What you will do
Below are records; extract exactly the lines from the one containing "Our favorite spot in Savannah, Georgia" through the last, both included, and keep the pictures out.

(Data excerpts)
####################
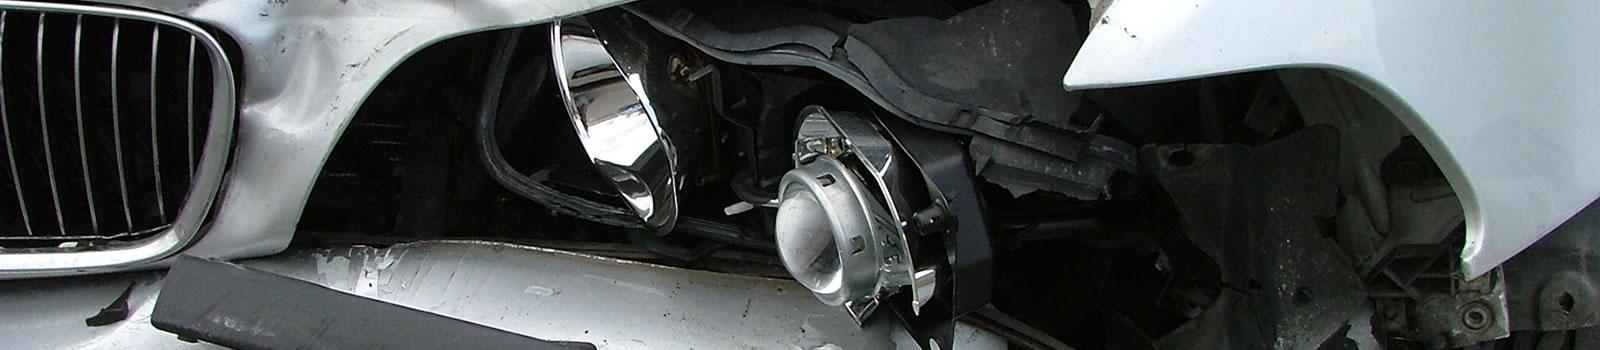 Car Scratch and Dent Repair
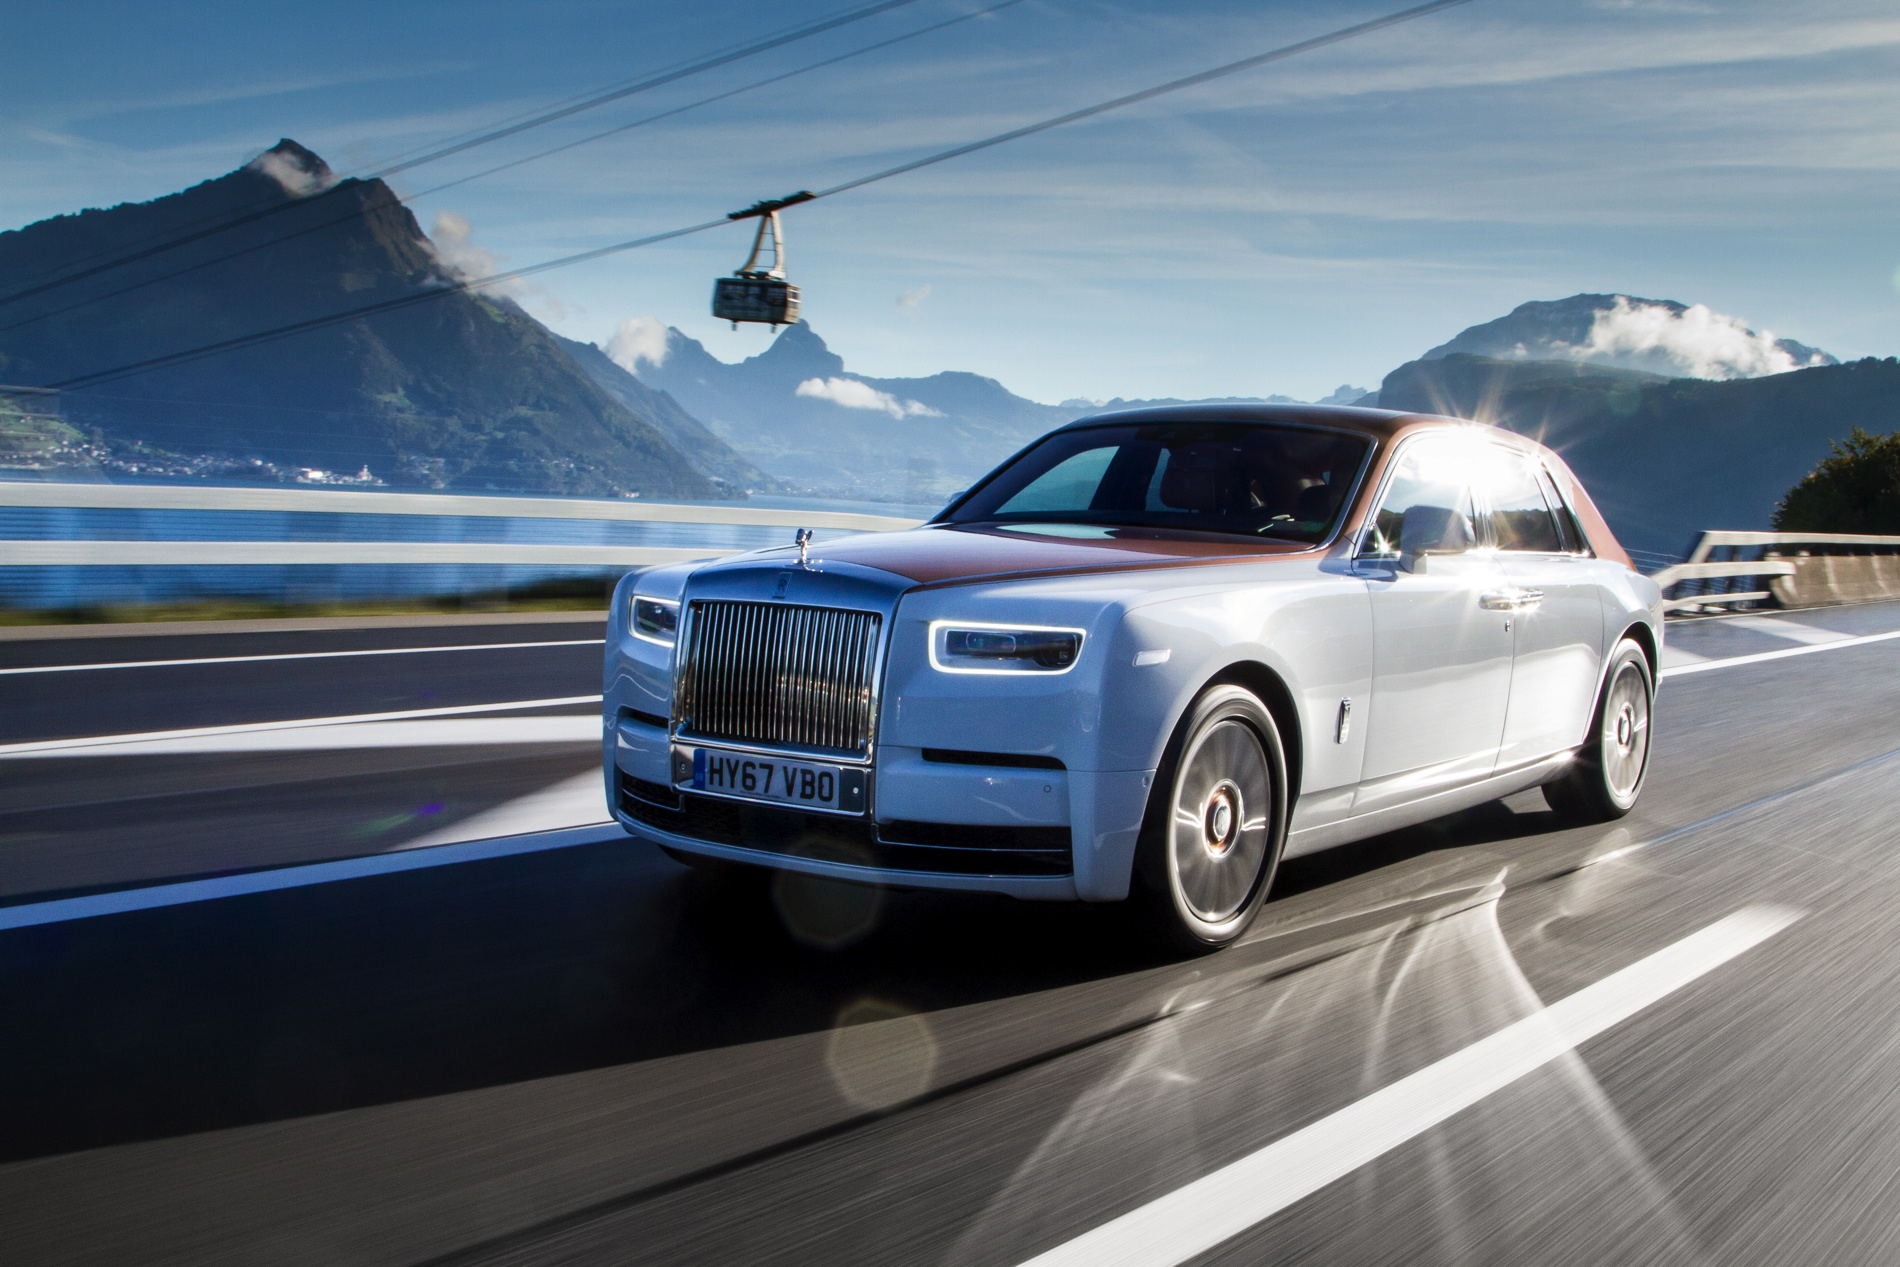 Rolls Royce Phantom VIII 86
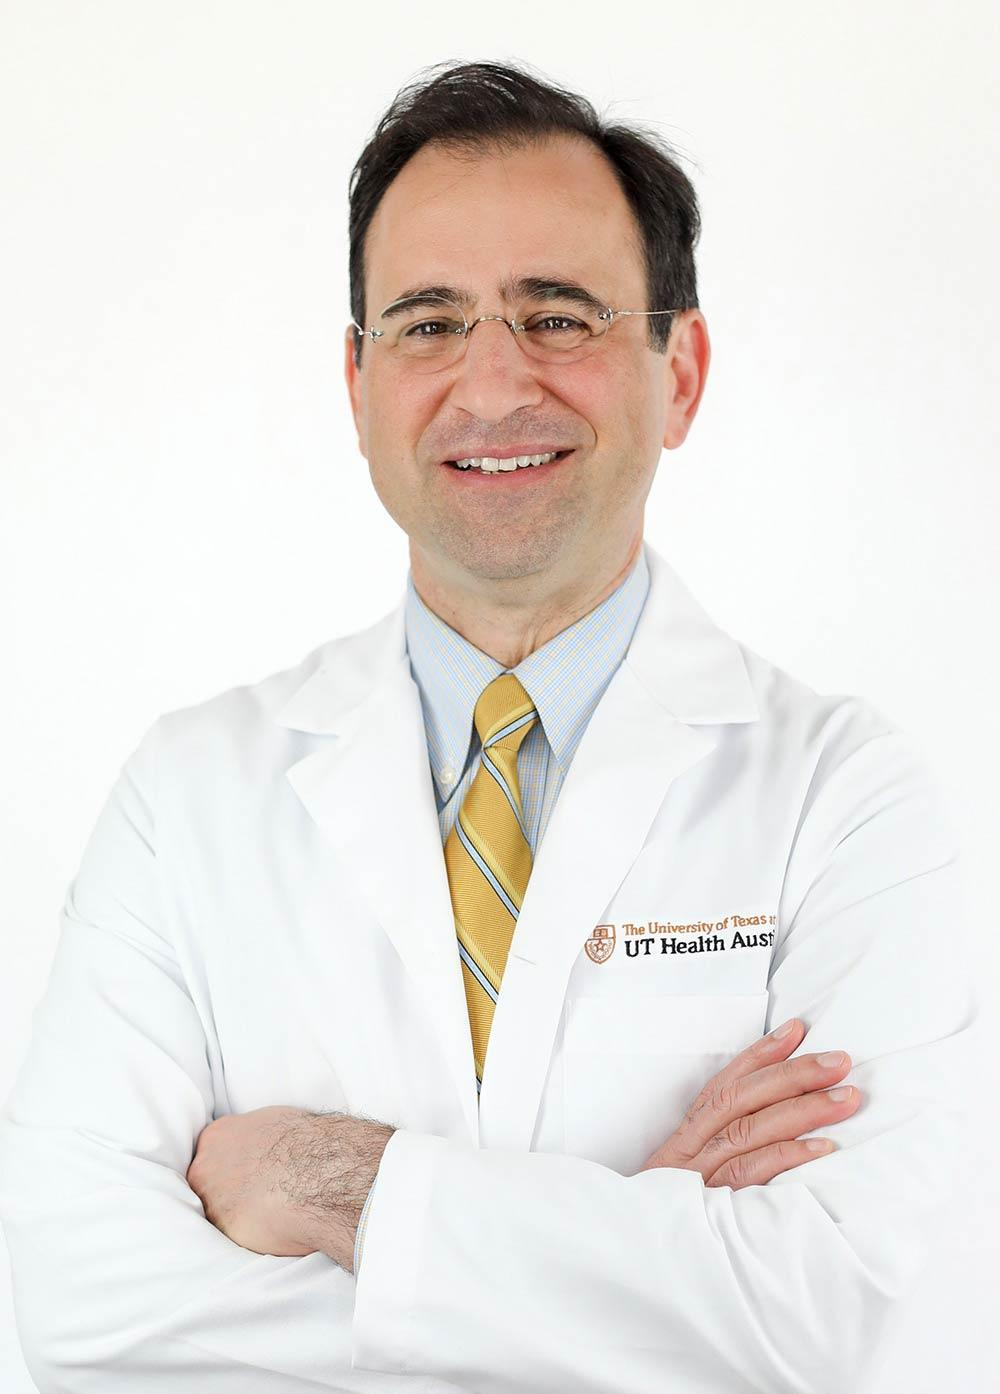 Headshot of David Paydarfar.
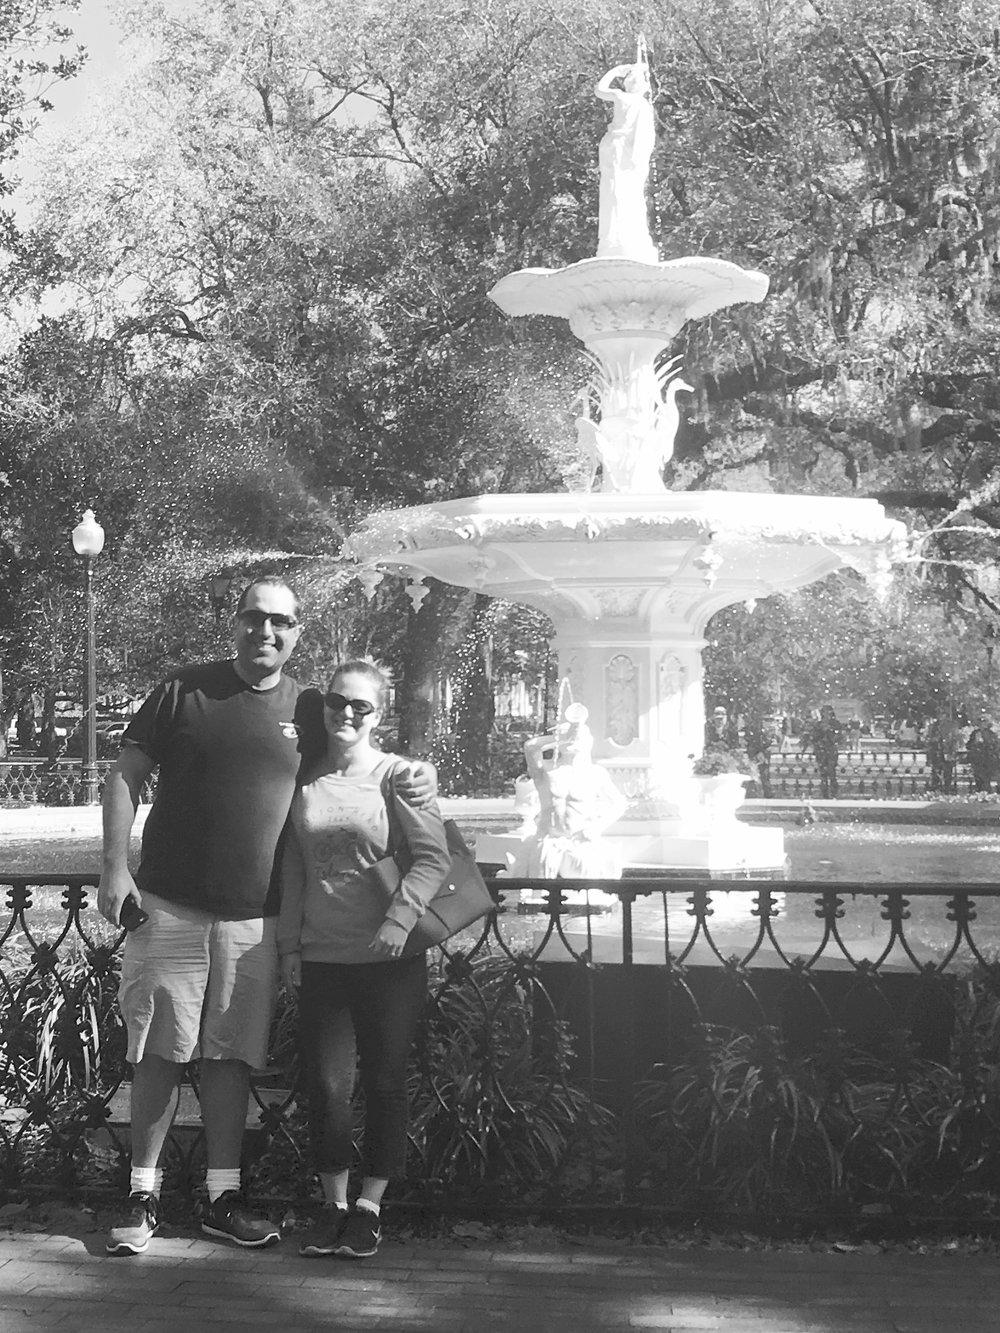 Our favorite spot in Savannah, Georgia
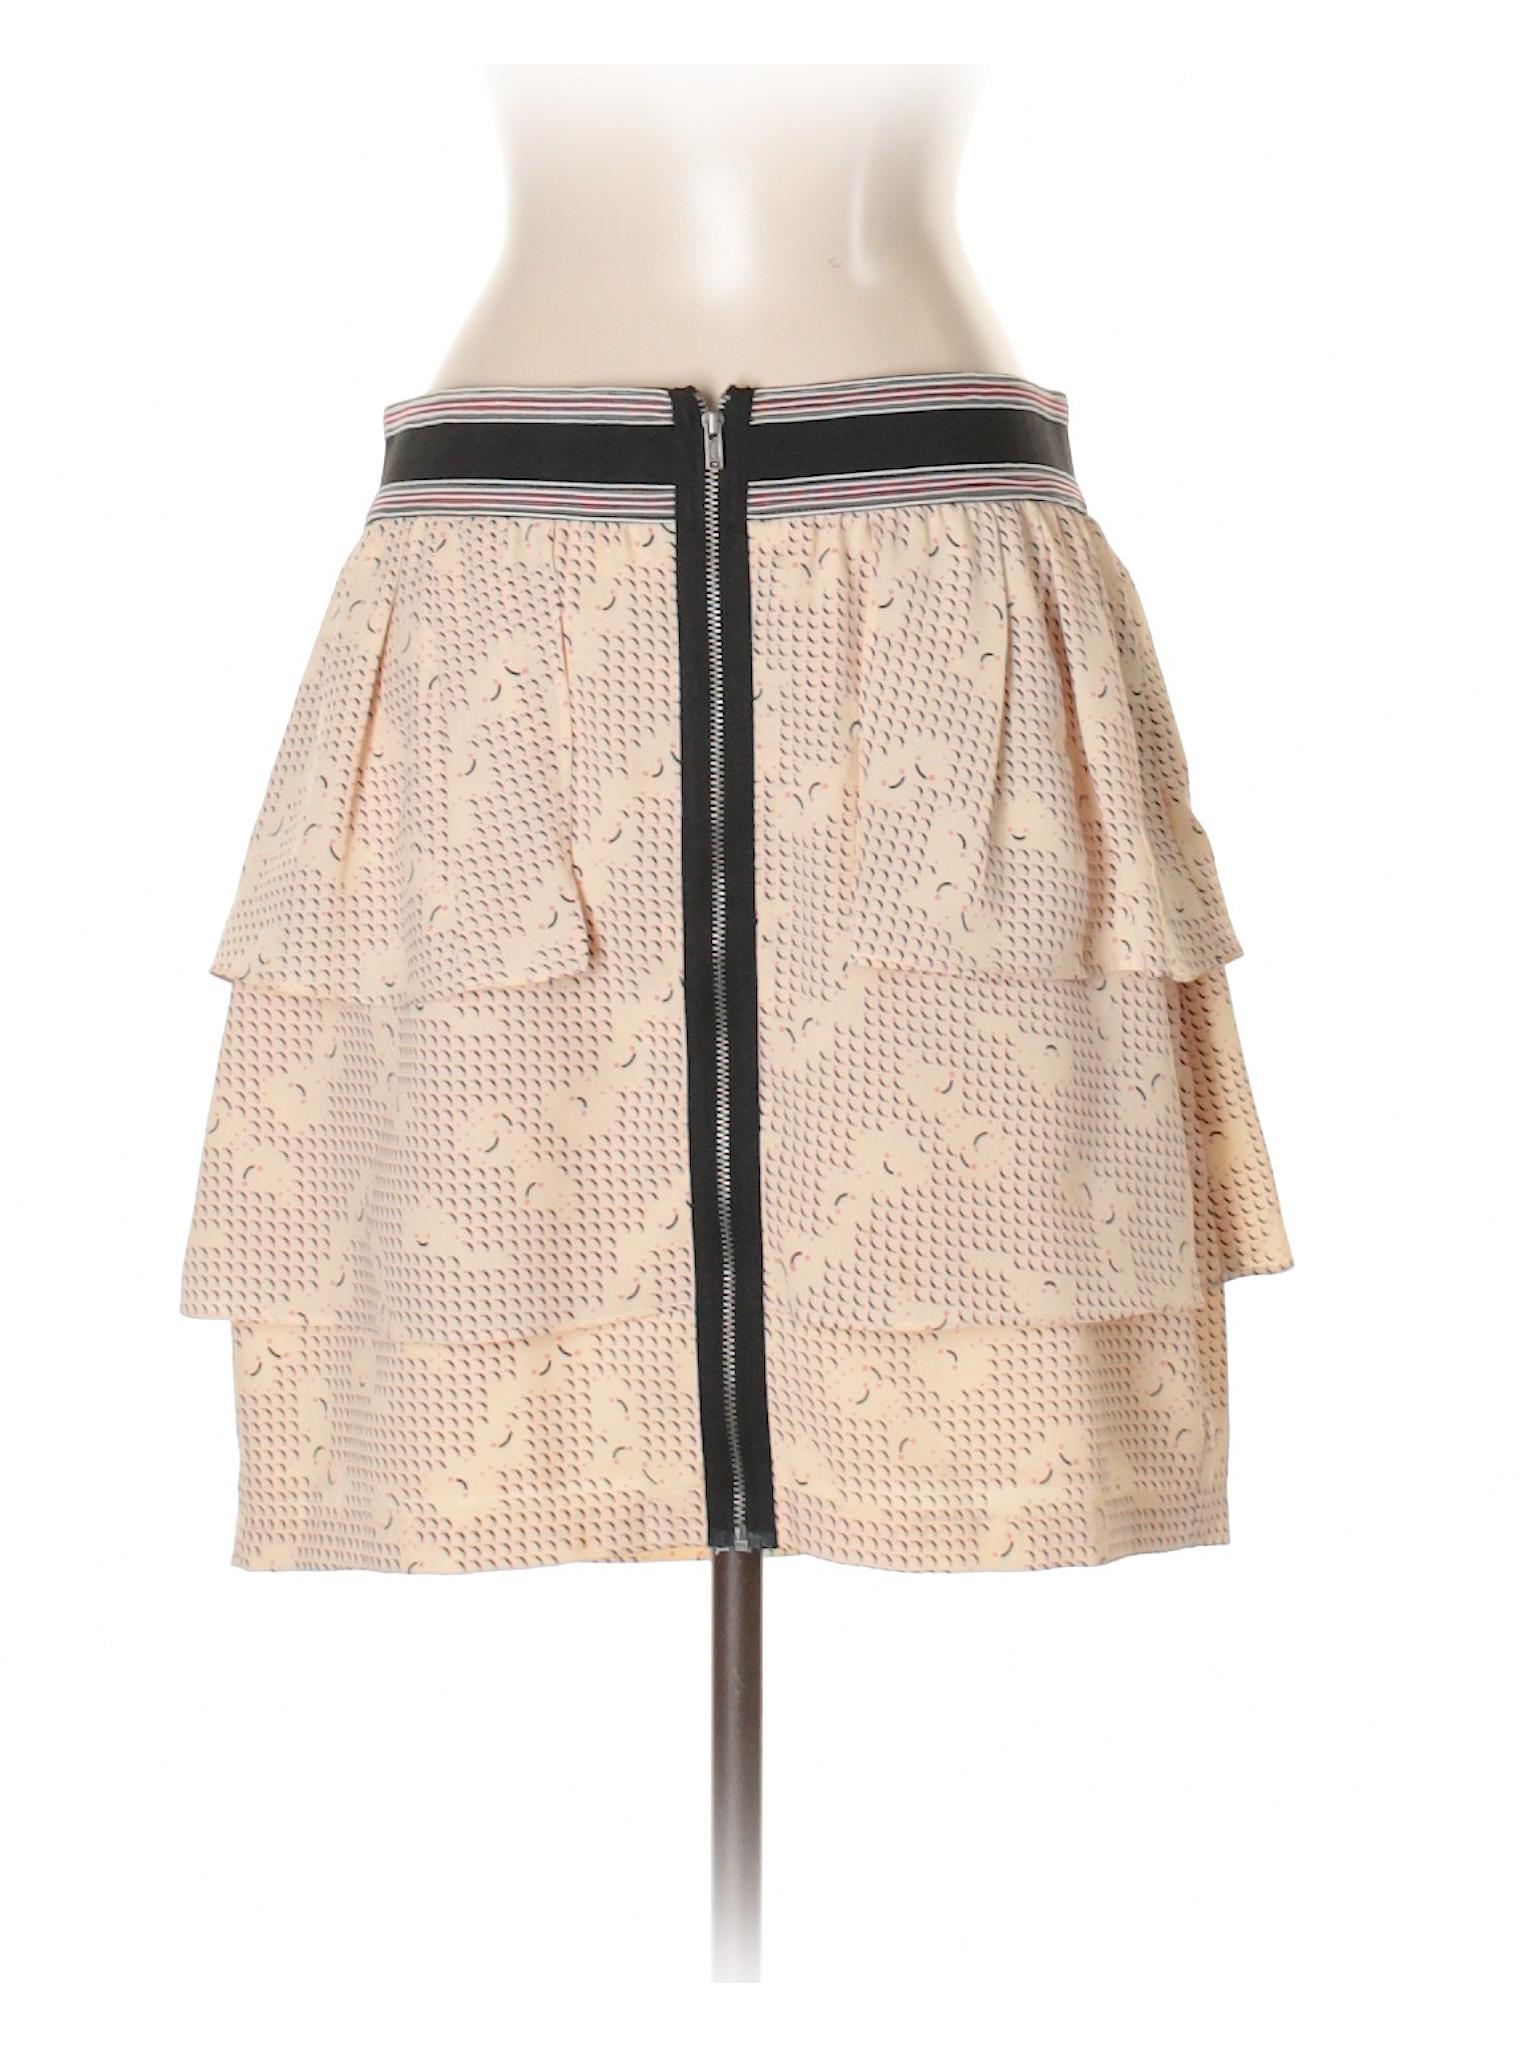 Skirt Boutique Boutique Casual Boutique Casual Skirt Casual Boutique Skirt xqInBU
####################
Answer for this exercise
 Our favorite spot in Savannah, Georgia
 Skirt Boutique Boutique Casual Boutique Casual Skirt Casual Boutique Skirt xqInBU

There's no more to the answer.